Start of Block

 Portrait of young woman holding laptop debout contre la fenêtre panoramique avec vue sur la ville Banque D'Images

End of Block
Start of Block

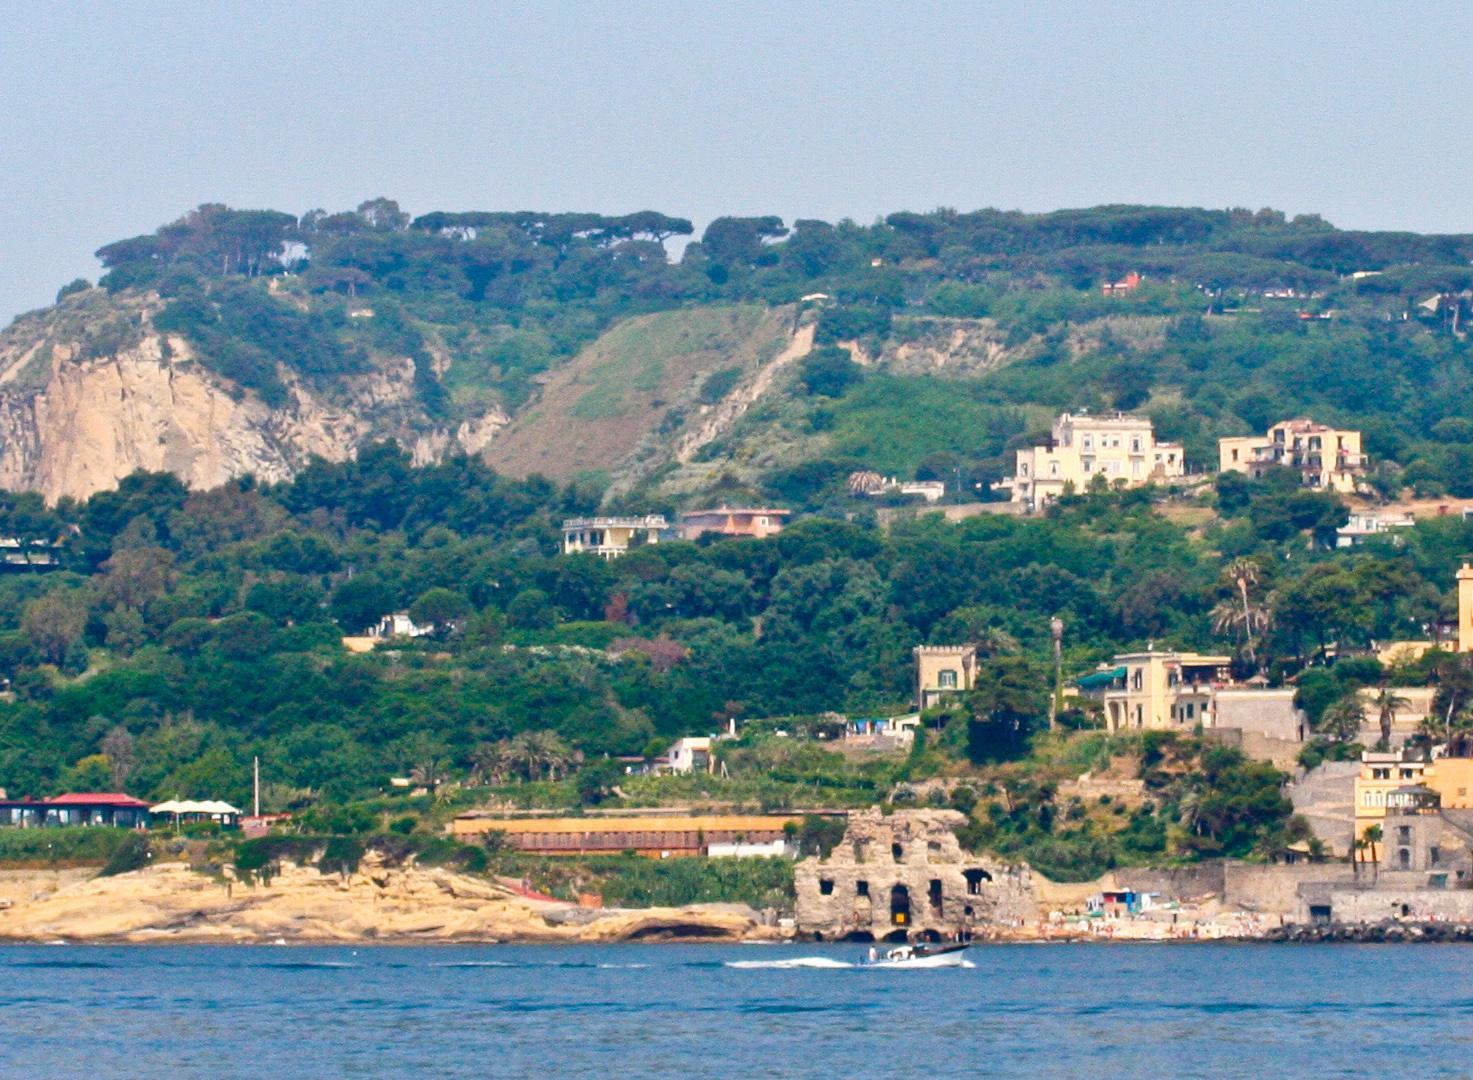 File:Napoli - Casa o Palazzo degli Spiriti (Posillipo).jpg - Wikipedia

End of Block
Start of Block

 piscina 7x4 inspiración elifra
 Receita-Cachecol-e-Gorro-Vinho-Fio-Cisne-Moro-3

End of Block

Instructions to follow: Above are the records; copy exactly the lines from the line with "piscina 7x4 inspiración elifra" through the line with "Receita-Cachecol-e-Gorro-Vinho-Fio-Cisne-Moro-3", both included.

Response for this exercise:
 piscina 7x4 inspiración elifra
 Receita-Cachecol-e-Gorro-Vinho-Fio-Cisne-Moro-3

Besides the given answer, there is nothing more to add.